According to VCs, some of the most promising clinical startup industries in 2023 will be in the fields of cancer treatment, mental health, neurology, and primary care.
The most unmet needs are in oncology and neurology, according to Kumar.
“I think that’s where we’re starting because both of those industries are now recognising the potential for more specialised tech-enabled care. These businesses appear to be just getting started, but we are beginning to see innovation taking place. Can we offer those patients services in a way we haven’t before? “said he. “We can bring oncology care into the home, for example, and improve, streamline, and make it more convenient the experience of managing some of the symptoms that those patients may be experiencing while they’re on chemo.”
He pointed out that in neurology, there are opportunities to use remote patient monitoring in order to understand what is happening with these patients and give them access to resources, remedies, and medications.

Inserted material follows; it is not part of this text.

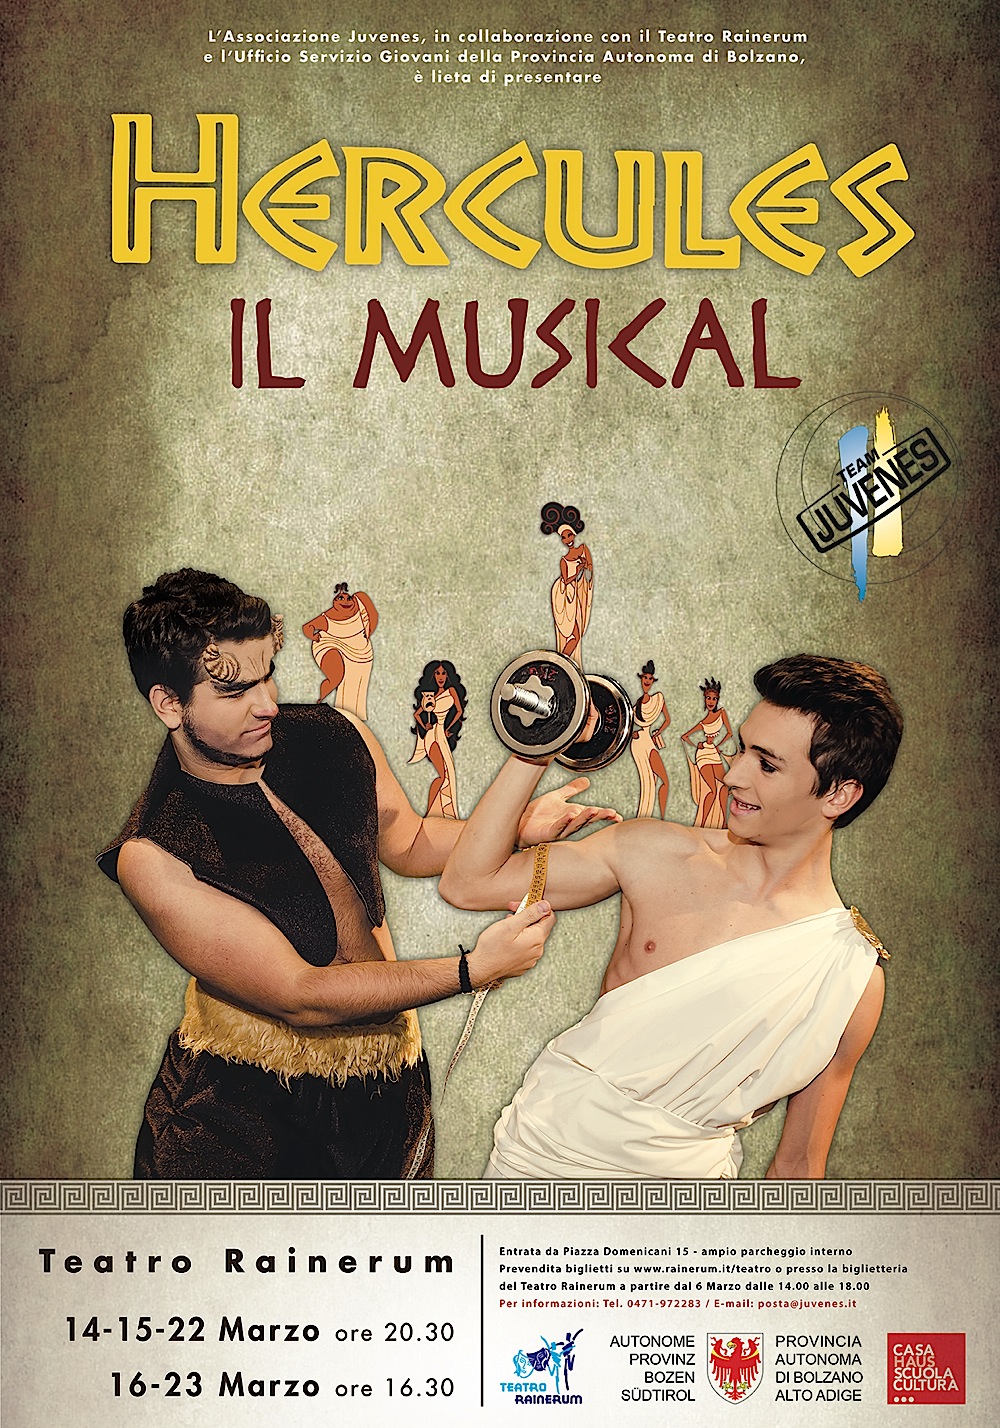 Musical 2014 – Hercules

The investor community is watching these companies closely and is excited about the potential for these technologies to have a truly disruptive impact, he continued.
It’s interesting to note that VCs rated the clinical startup sector for mental health as both the least and most promising.
“There is still such a great need in this area. But I believe it’s also a field where mental health has demonstrated perhaps an excessive amount of investment and money being kind of thrown at the issue, not always in the most efficient or effective way “Added Norden. There is simply more competition and barriers in this market, particularly for new startups.
Along with blockchain, investors also appear to be losing interest in telehealth (24% rated the industry as the least exciting).
In the last four to five years, major financial investments have been made in the field of mental health.
It’s great to see investors place more emphasis on clinical validation, which will be crucial as startups pursue markets with enormous opportunity, like oncology and provider burnout, according to Norden.